The Miami Herald identified other examples:

  • The parents of 17 autistic children sued Nova Southeastern University between 2000 and 2002 for negligence, claiming that the school failed to conduct proper background checks on a volunteer who molested their children. A check, they said, would have revealed that the man was a convicted pedophile.

    The judge in that case, Leonard Fleet, says he ordered the consolidated case "closed" to protect the children's identities but did not intend it to be erased from the public docket. Lawyers for the parents and Nova say they didn't know that the cases were hidden.
  • A wrongful-death suit was filed by the estate of a Coral Springs man killed in a 2003 US Airways Express plane crash in Charlotte, N.C., which regulators blamed in part on shoddy maintenance. The suit was settled.


The practice of secret docketing may soon change. Broward judges are now studying the issue, clerk Forman said.

"Some judges feel that they do want to unseal some cases. Some judges don't, " he said. "I told Judge Ross if you want to send out a new administrative order requiring me to expose the docket information, just let me know."
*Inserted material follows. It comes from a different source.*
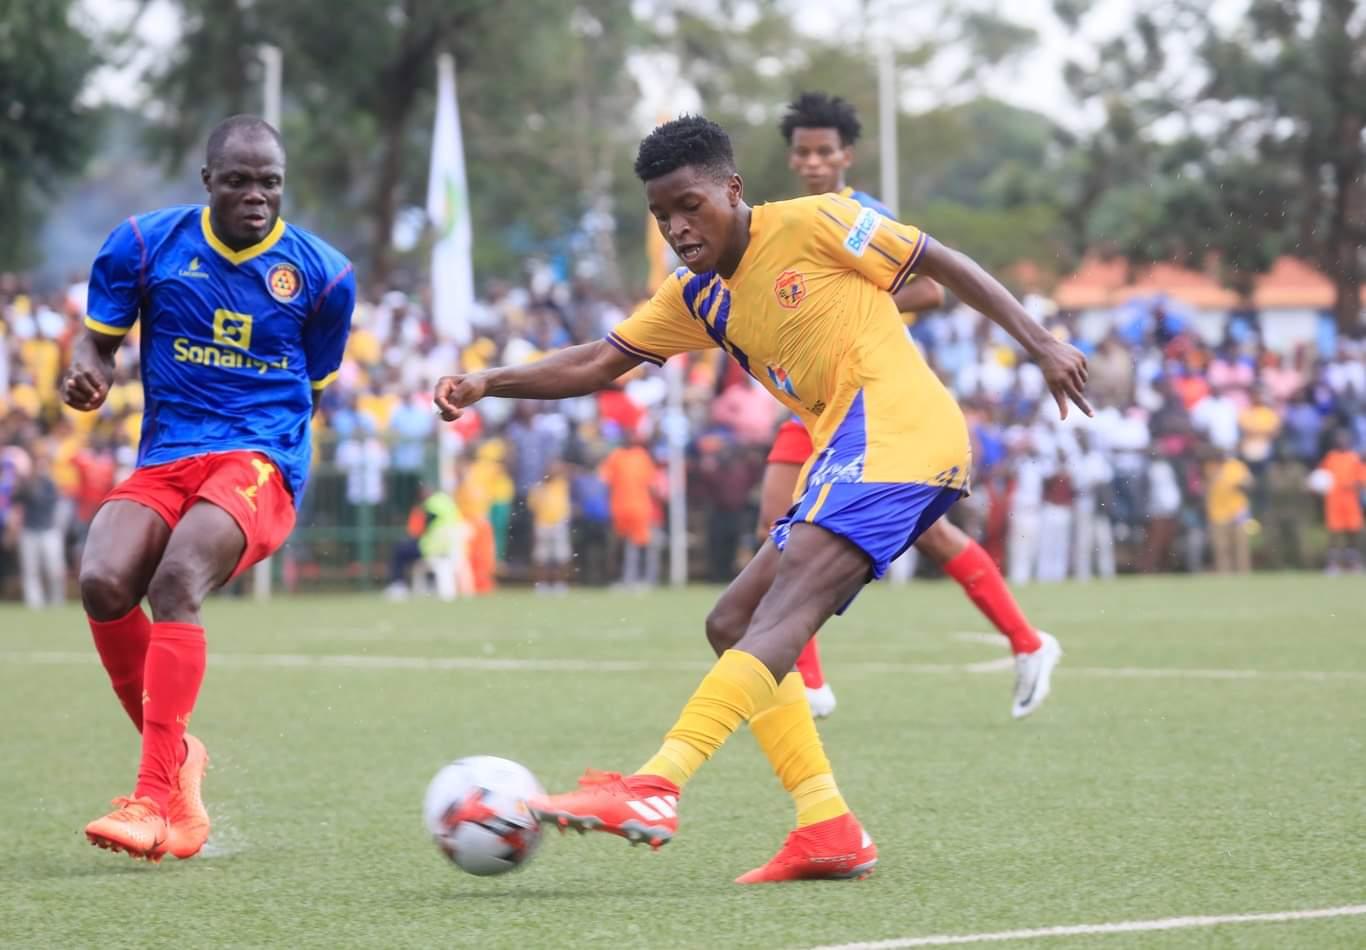 Allan Okello shoots the ball during the game against Petro de Luanda on Friday.

Judge Victor Tobin, who refused to comment, set a hearing for Thursday to consider putting the plane-crash lawsuit back on the public docket. Tobin also reopened another case that his judicial assistant says was removed from public view by "mistake." The now-resolved case involved a dispute between two brothers over control of a company.

Whether cases end up hidden by intent or by error, it's hard to find anyone in the legal community who defends the practice. Raleigh, N.C., First Amendment lawyer John Bussian says that sealing dockets goes against the basic principle that courts funded by the public should be open to the public.

"The only way to maintain any oversight of this public trust is to let the public see the records of what goes on there, " Bussian said. "You can't just wipe them away because some court wants to do it."